Just as the people in her new town had blamed her for her student’s death. Someone always needed someone else to blame.
“And so did I,” she added. “I shouldn’t have blamed you.”
“You shouldn’t have,” he agreed. “Because I would have never hurt you, then or now.” He dragged in a deep breath to say what he’d waited around to tell her, what he’d waited four years to tell her. “Because I love you, Josie.”
“You love me?” She asked the question as if it had never occurred to her, as if she had never dared to hope. Until now. Her eyes widened with hope and revealed her own feelings.
“Yes,” he said, “I love your passion and your intelligence and—”
She stretched up his body and pressed a kiss to his lips. “I didn’t think you’d ever be able to trust me, much less love me.”
“I don’t just love you,” he said. “I want to spend my life with you and CJ. No more undercover. I’ll find a safer way to get justice for others, like maybe helping you with stories.”
She smiled. “That might be more dangerous than your old job.”
“We’ll keep each other safe,” he promised. “Will you become my wife?”
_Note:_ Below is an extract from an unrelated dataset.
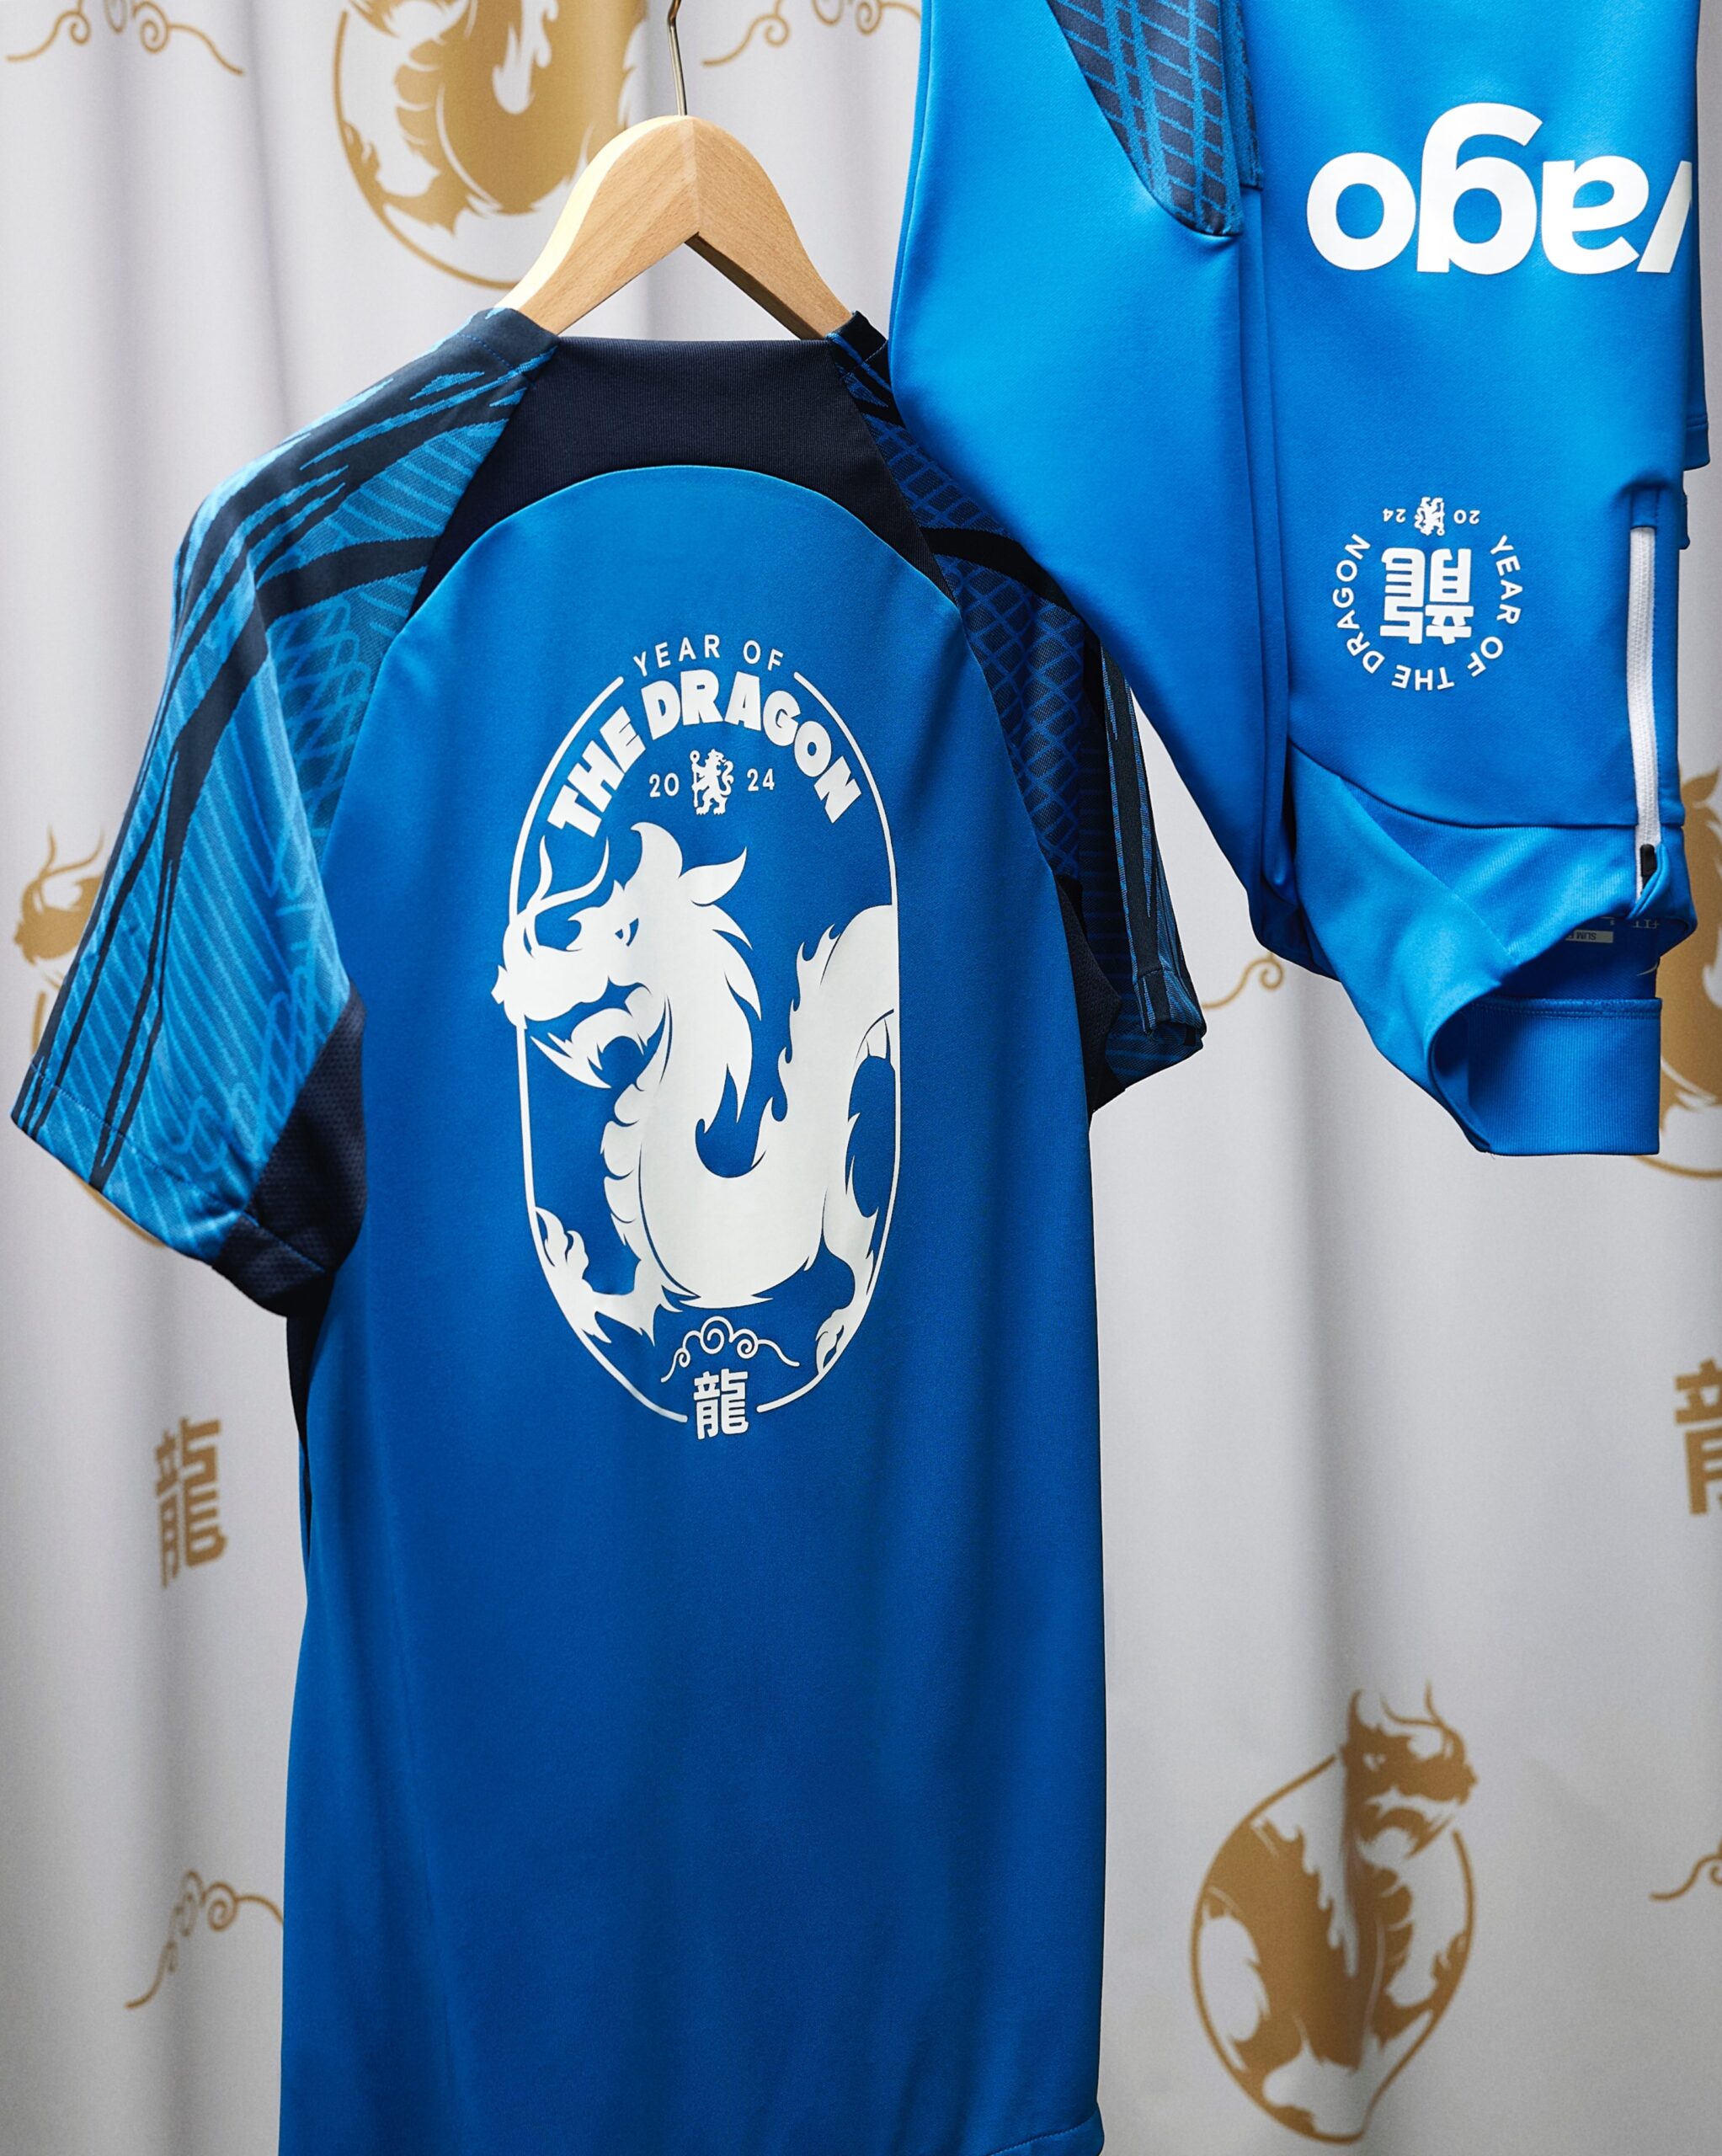 Tapestry-soho-frith-street-production-house-agency-london-chelsea-football-club-mens-womens-jerseys-photography-retouching-location-lunar-new-year-chinese-asian-culture-dragon-zodiac-complete-services-stamford-bridge-campaigns-getintouch-good-fortune-power-confidence-the-blues-chelseafc

“It will thrill CJ if his parents are together, if every day is like that day at my house,” she said.
That had been such a good day—a day Brendan had never wanted to end. His heart beat fast with hope. She was going to say yes....
“But as much as I love our son, I won’t marry you for his sake,” she said. “And you wouldn’t want me to.”
He wasn’t so sure about that. But before he could argue with her, she was speaking again.
“I will marry you,” she assured him, “because I love you with all my heart. Because even when I was stupid enough to think you were a bad man, I couldn’t stop loving you. And I never will.”
“Never,” he agreed. And he covered her mouth with his, sealing their engagement with a kiss since he had yet to buy a ring. But it was no simple kiss. With them, it never was. Passion ignited and the kiss deepened.
If not for the dinging of the elevator, they might have forgotten where they were. His mother stepped through the open doors, her eyes glinting with amusement as if she’d caught him making out on the porch swing.
“We’re getting married, Mom,” he said.
“Of course,” she said, as if there had never been any question in her mind. “Now, open the door for me.” She juggled a tray of plates and coffee cups and a sippy cup.
He opened the door to his son, who threw his arms around Brendan’s legs. “Daddy! Daddy, you’re still here.”
“I’m never leaving,” he promised his son.
“Gramma!” the little boy exclaimed, and he pulled away from Brendan to follow her to his grandfather’s bedside.
With a happy sigh, Josie warned him, “We’re never going to have a moment alone.”
“Our honeymoon,” he said. “We’ll spend our honeymoon alone.”